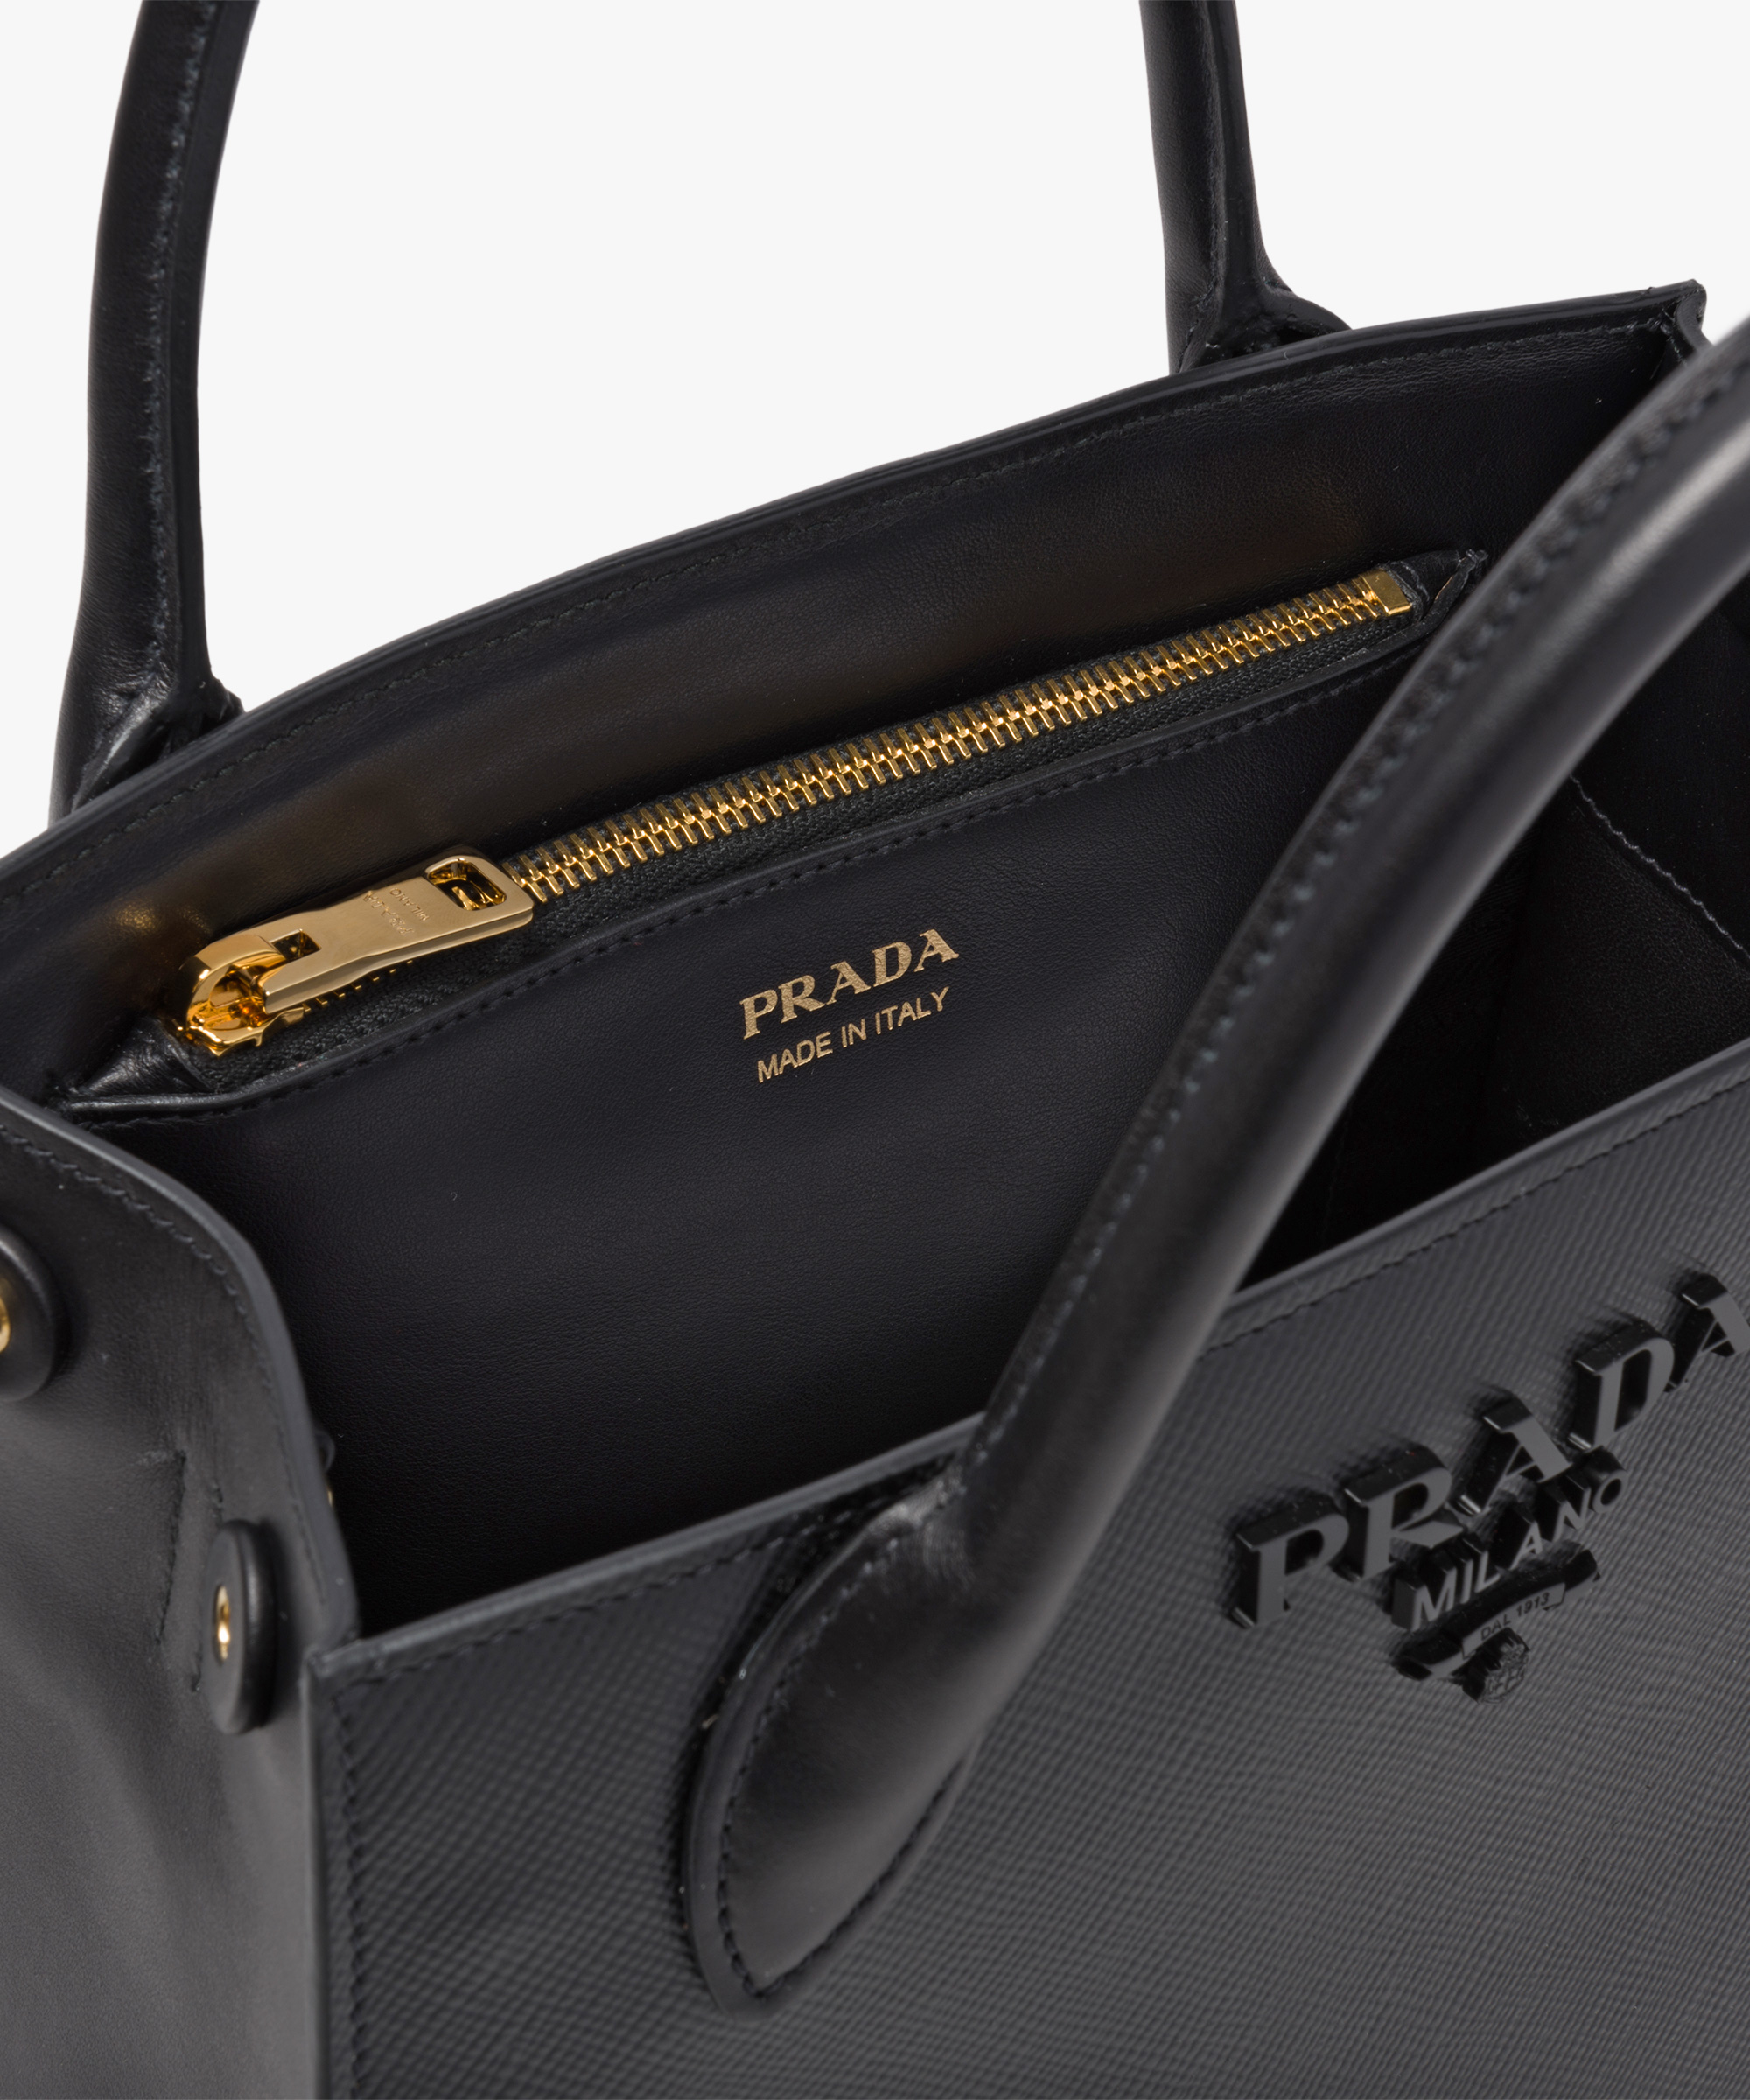 b271389126f3 Prada Monochrome Saffiano leather bag Prada BLACK ...
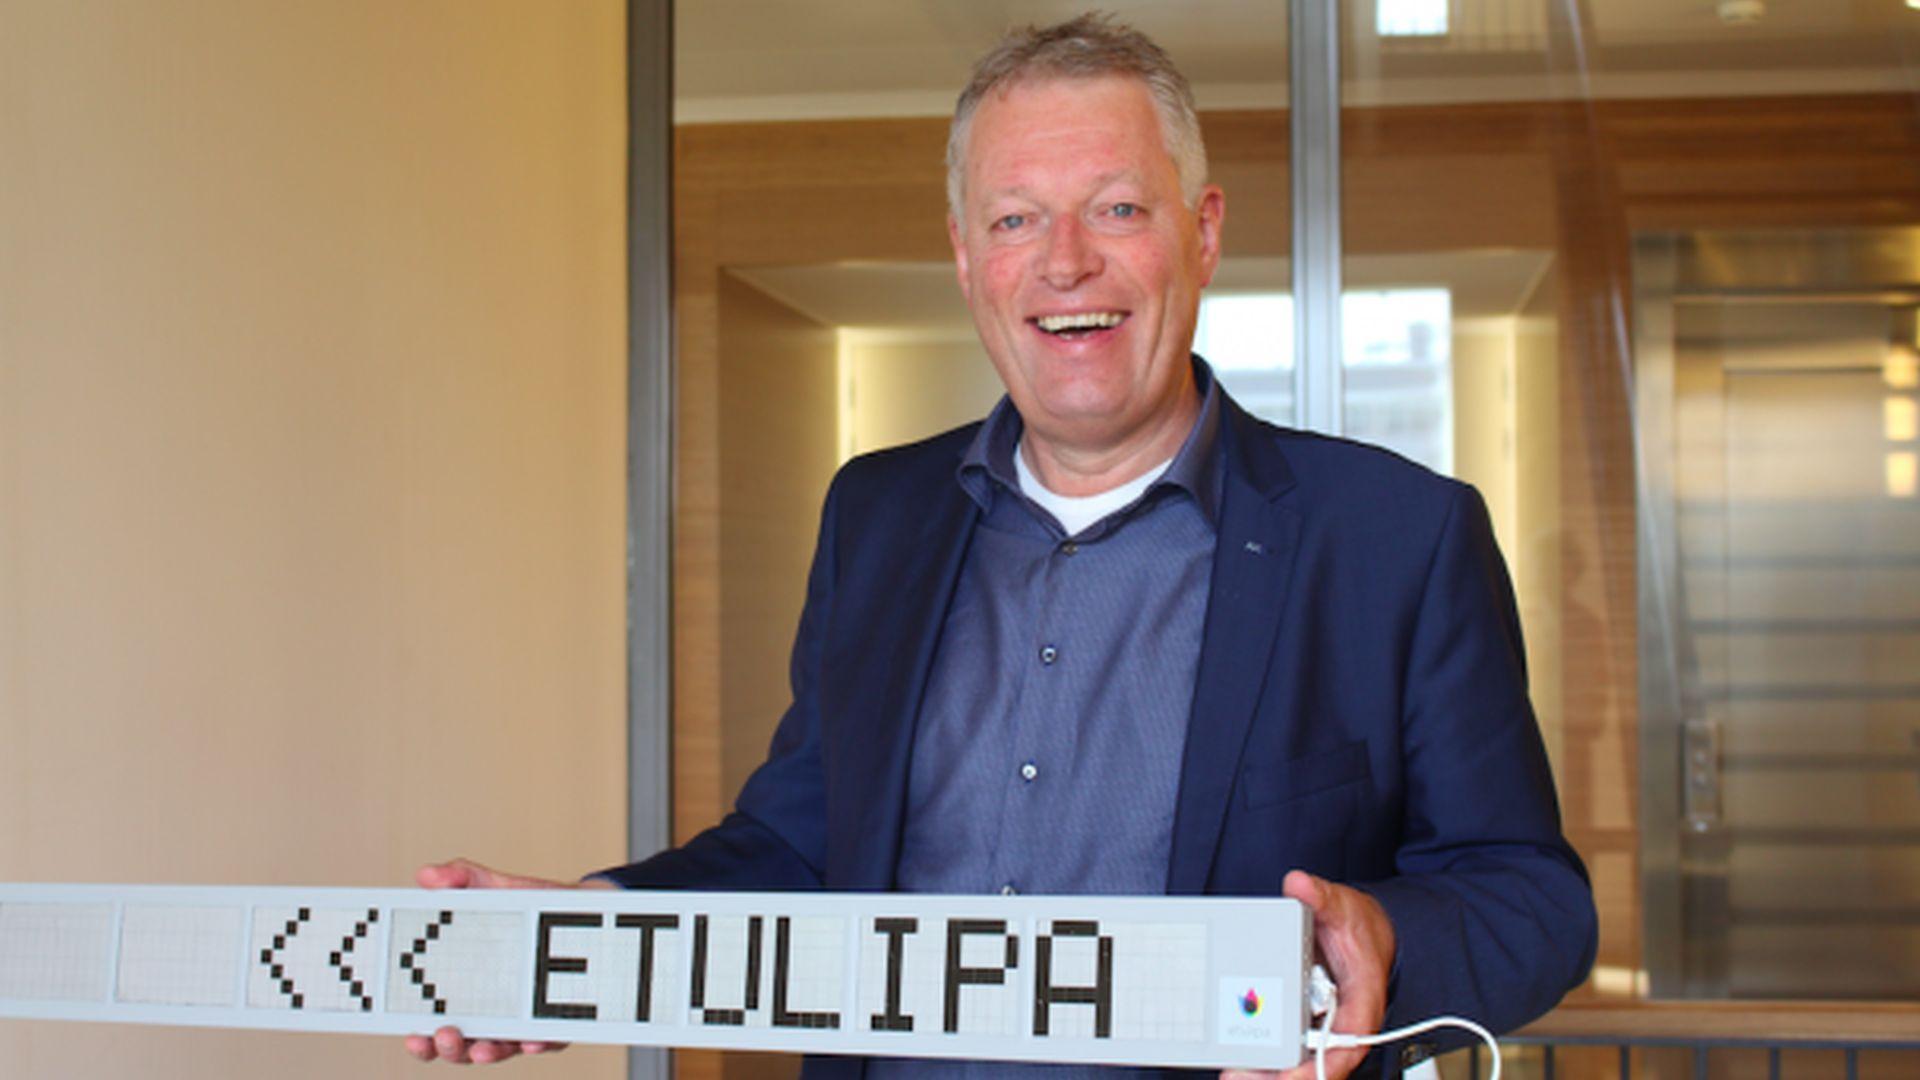 Gerard & Anton Awards: Etulipa, electronic billboards without light pollution
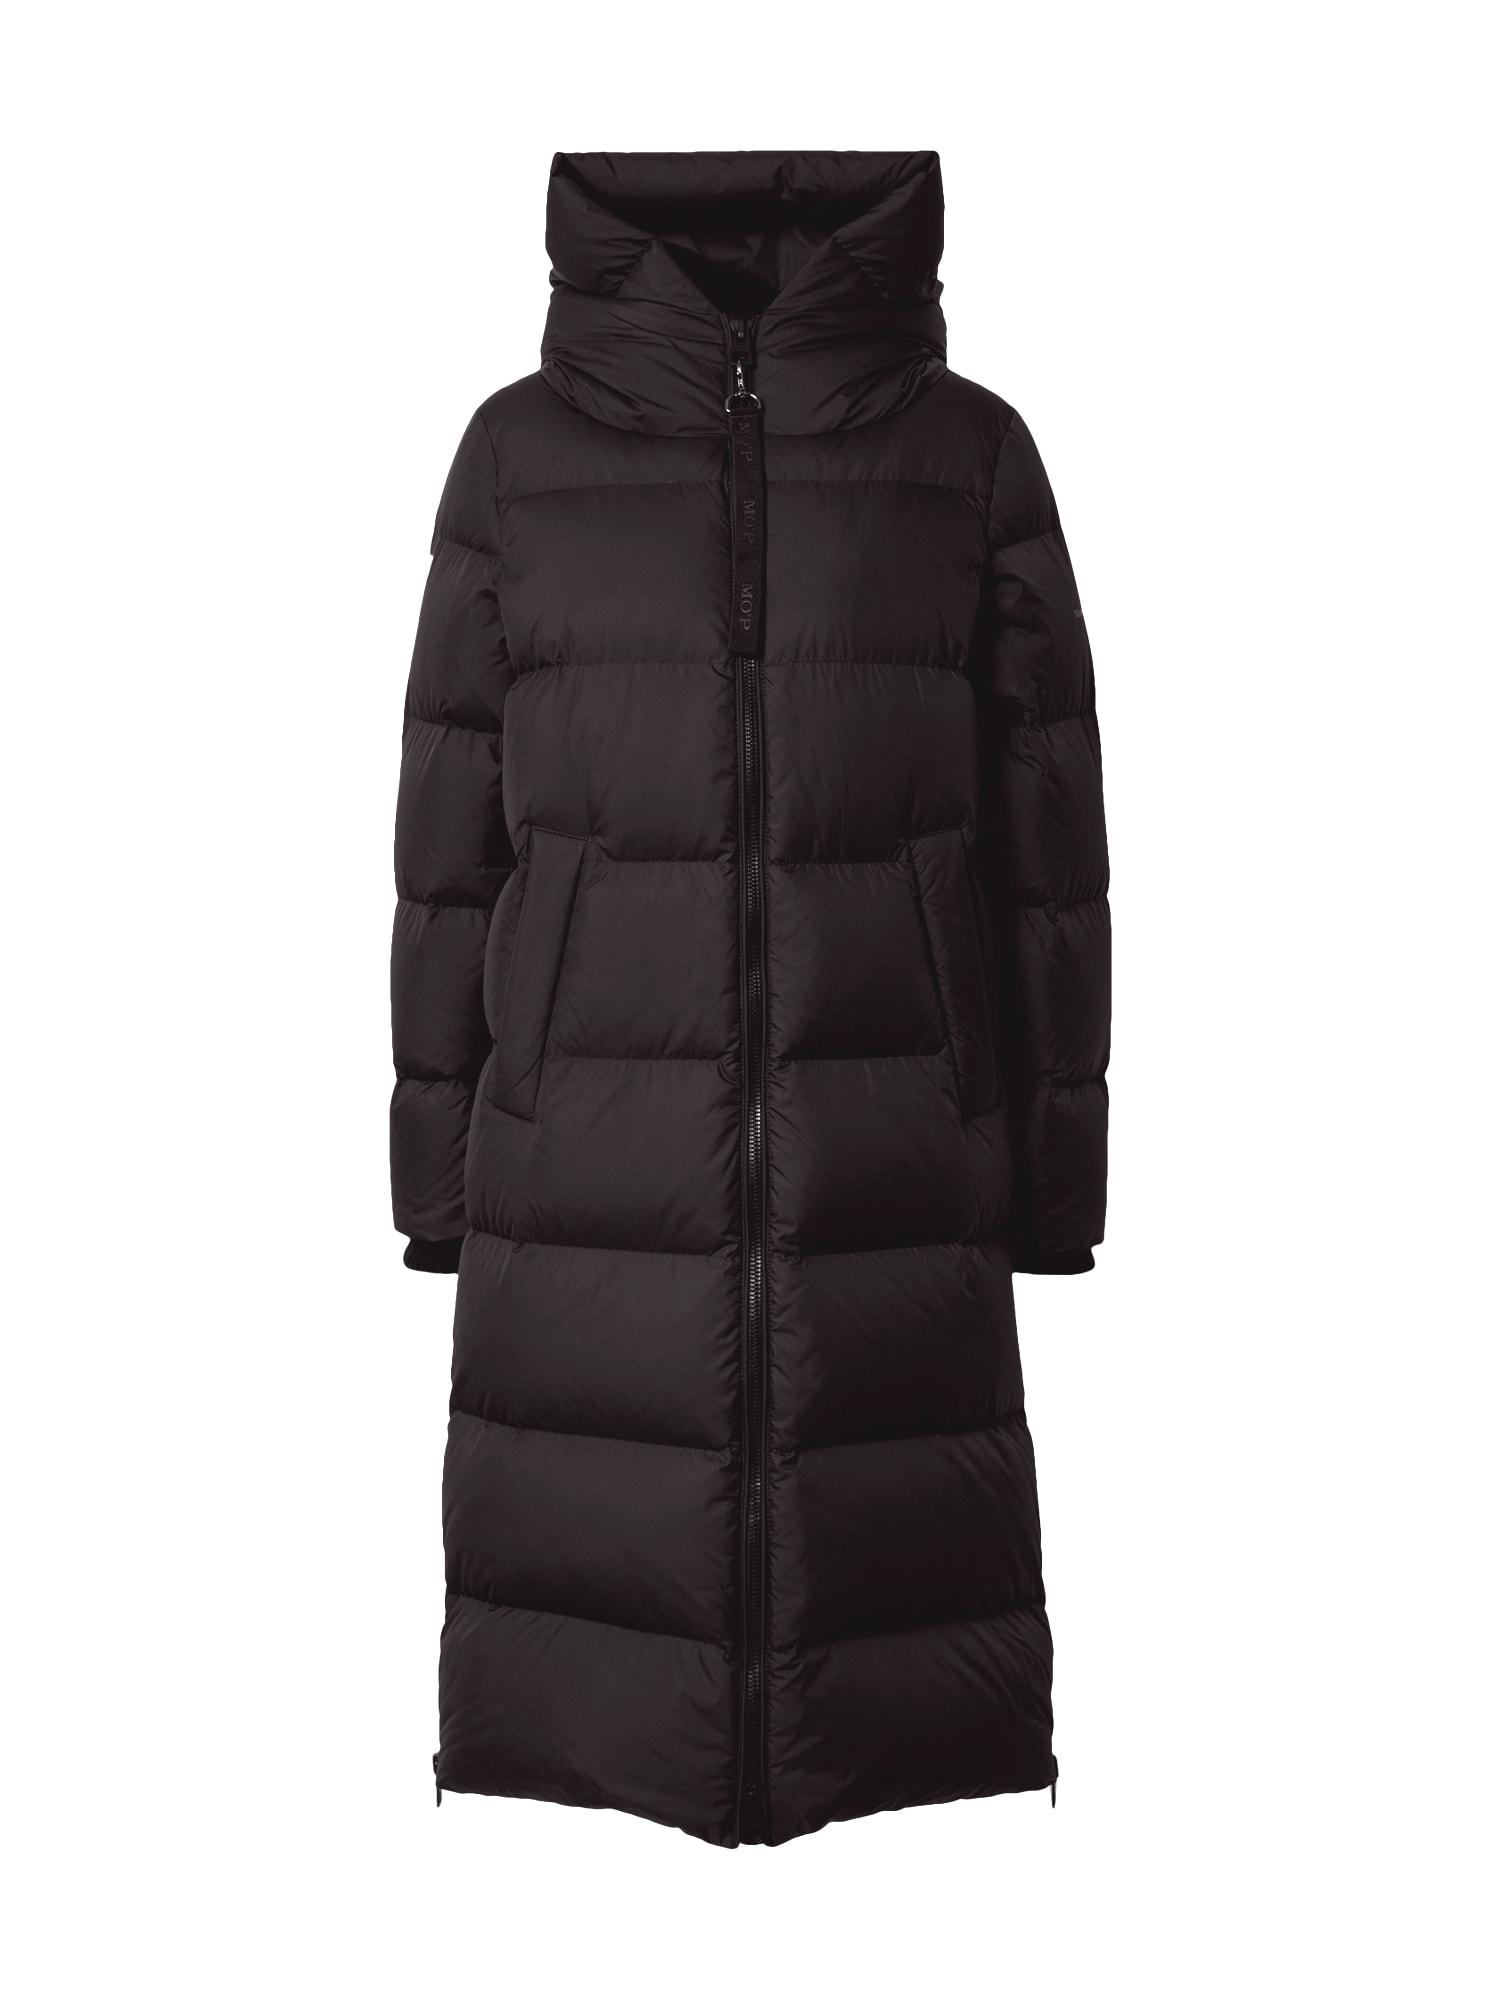 Marc O'Polo Zimní kabát 'WOVEN COATS'  černá

**INSTRUCTIONS TO FOLLOW**
Exactly the lines from the one containing "Gerard & Anton" through the last line of the material above, both included and free of pictures, should make up your answer, please.

**TASK OUTPUT**
 Gerard & Anton Awards: Etulipa, electronic billboards without light pollution
 Marc O'Polo Zimní kabát 'WOVEN COATS'  černá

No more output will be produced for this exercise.